Hacker News new | ask | show | jobs
by nraynaud 2070 days ago
A few years back I had a traveling salesperson problem, I googled a bit, and somehow didn't find anything interesting, so I just created a random loop, and randomly mutated it until it got better. A few months ago I discovered a neat little heuristic: the best loop never self-intersect. And a few days ago, I found that there is a definite algorithm that gives a result whose worst case is bounded WRT to the optimal.

My question is how do you find all those algorithms? Wikipedia never really feel like a good introductory nor discovery place. In particular, some problems have been perfectly studied by scholars, but you don't find them because you have not found the keywords that will direct google in your search. And I am not a researcher, so I don't keep a tab on a domain, I'm a jack of all trades, I work on a wide set of things.

6 comments

Your method is similar to a popular probabilistic technique called simulated annealing [1].

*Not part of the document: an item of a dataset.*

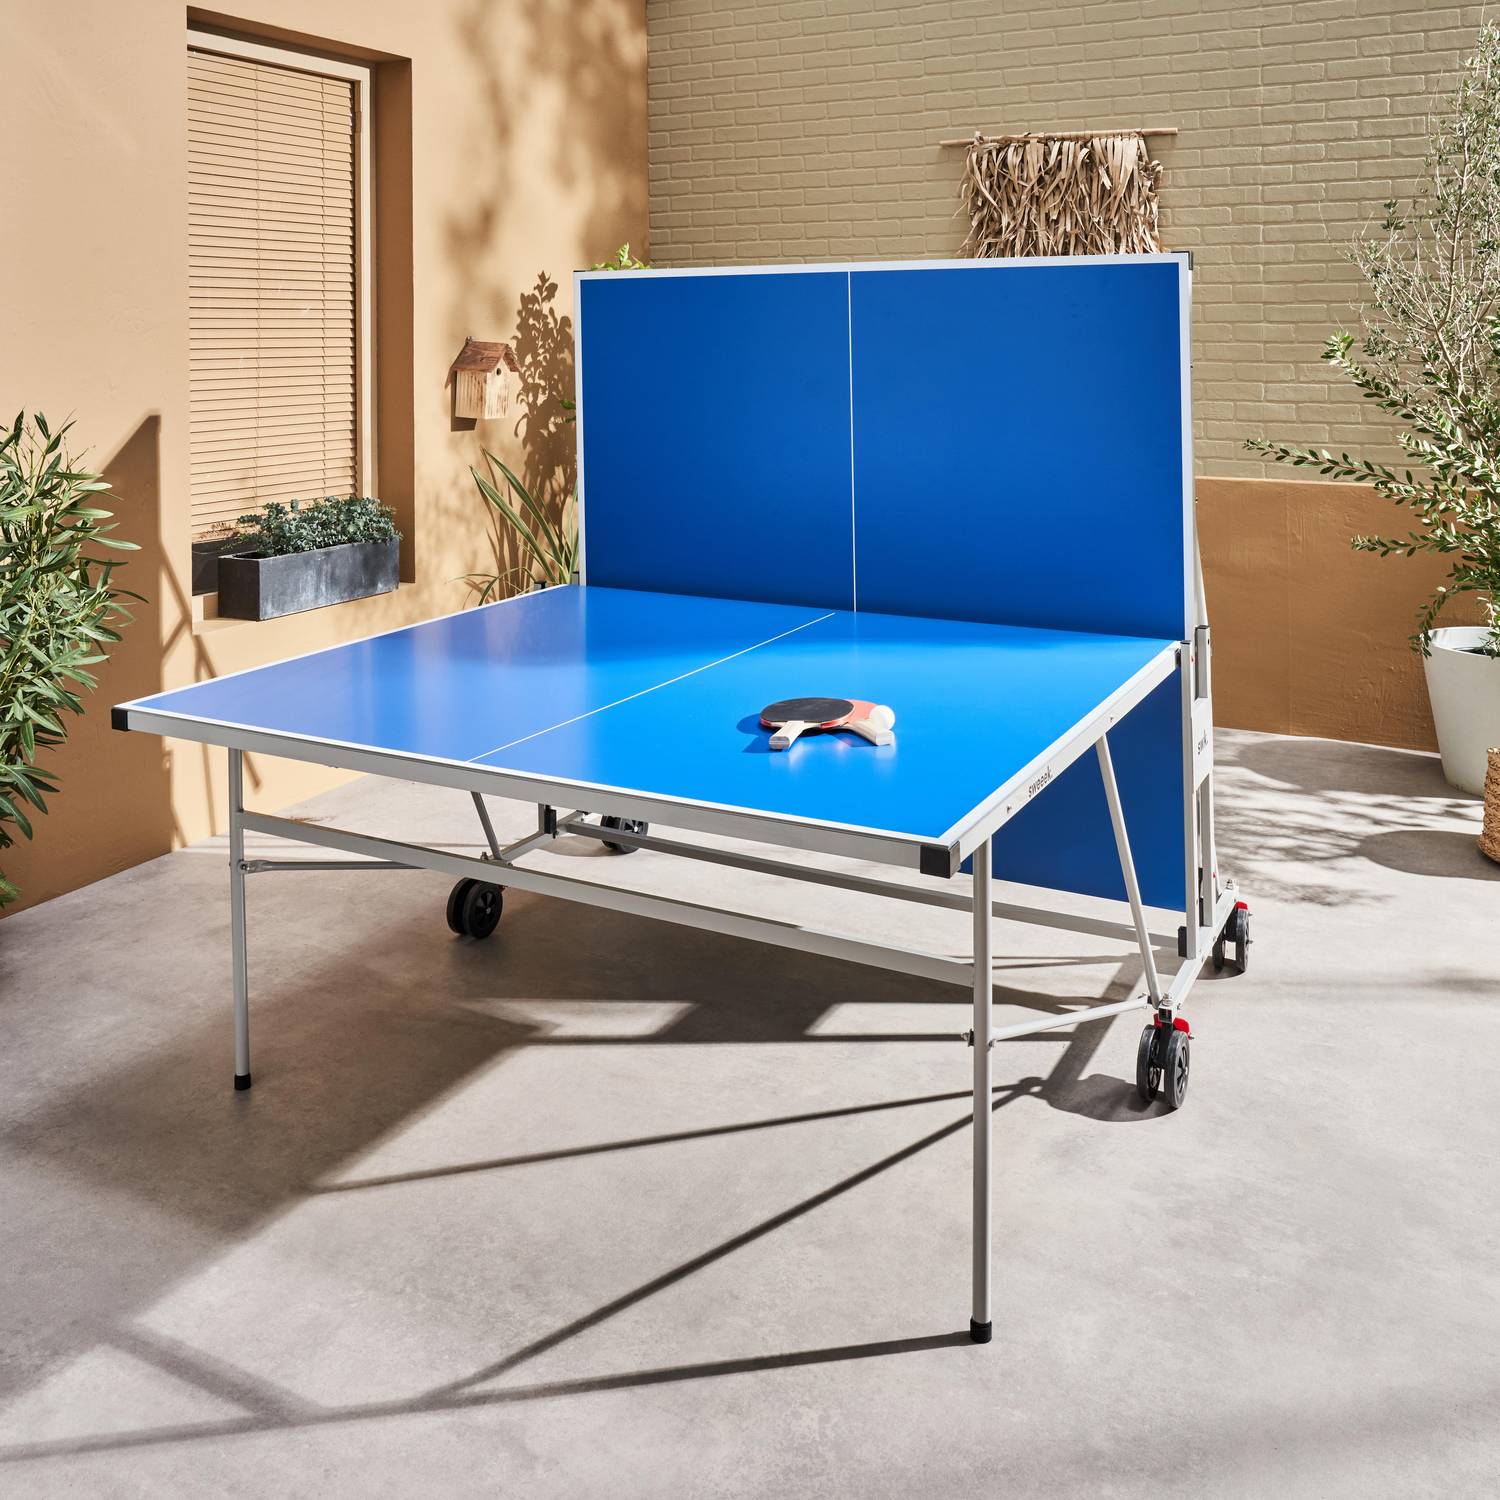 Table de ping pong OUTDOOR bleue - table pliable avec 4 raquettes et 6 balles, pour utilisation extérieure, sport tennis de table Photo2

The general setting for this type of algorithm is that you have a large number of states and you want to find the state that maximizes a particular score. In the TSP, the states are paths and the score is the (negative of the) path length. The idea is to define a Markov Chain whose stationary distribution is proportional to the score. This means that if you jump from state to state according to the probabilities defined by the MC, eventually the probability of ending up at a given state is proportional to that states score.

In the case of TSP the states can be represented as permutations of the cities and the neighbors of a state are given by swapping the positions of two cities. The probability of moving to a neighbor is high if the length of the neighbor is shorter than the current path.

[1] https://en.wikipedia.org/wiki/Simulated_annealing

> My question is how do you find all those algorithms? Wikipedia never really feel like a good introductory nor discovery place.

I know a place.

From the Github repo Coding Interview University[0] there is a link to a Jupyter notebook[1] on various ways to solve the traveling salesman problem - it is a very good, detailed, resource.

[0] https://github.com/jwasham/coding-interview-university

[1] https://nbviewer.jupyter.org/url/norvig.com/ipython/TSP.ipyn...

> you have not found the keywords

Knowing the right keywords and roughly how they fit together is a huge component of domain expertise. Building general background knowledge through experience and readings goes a long way for this reason.

I think that most of the times they are particular to a domain to solve particular problem. For example Some researcher would have a grant for developing an optical inspection of a circuit board using a camera moving on the 2d euclidean space efficiently is a TSP. You can develop a Polynomial Time approximation scehne(PTAS) to solve it.

At first it's novel then st some point it appears in a book specific to polynomial time approximation schems in books dedicated to the cause. Look at the references in wikipedia. They often point to a larger body of work than what the wiki can possibly hope to cover.

I would try to look for academic papers on the topic. Even if you can’t find an exact match, papers typically have a section that describes other related work. You can also scan through the citations to see if anything might be a match. If there’s some relevant paper, you’ll probably find it after searching through a few papers.

When reading a paper I would just scan the abstract, conclusion, introduction, related work section (possibly in that order) to see if it’s relevant.

For finding papers I like semantic scholar and Google scholar.

OOC: how did you create your initial random loop? This was a Kaggle problem about seven years ago. The competitive solutions found a good initial guess by breaking up the domain into a grid. They would solve TSP in each grid cell, and then stitch these solutions together to get a reasonable initial global solution. If you created your initial loop greedily (as I did) you got a garbage solution, and also wasted a lot of time that you could have spent doing random swaps or simulated annealing.
sorry, I misremembered, I used a Z-order path in the end:

https://github.com/nraynaud/webgcode/blob/gh-pages/webapp/cn...

I guess I decided that some order was better than random.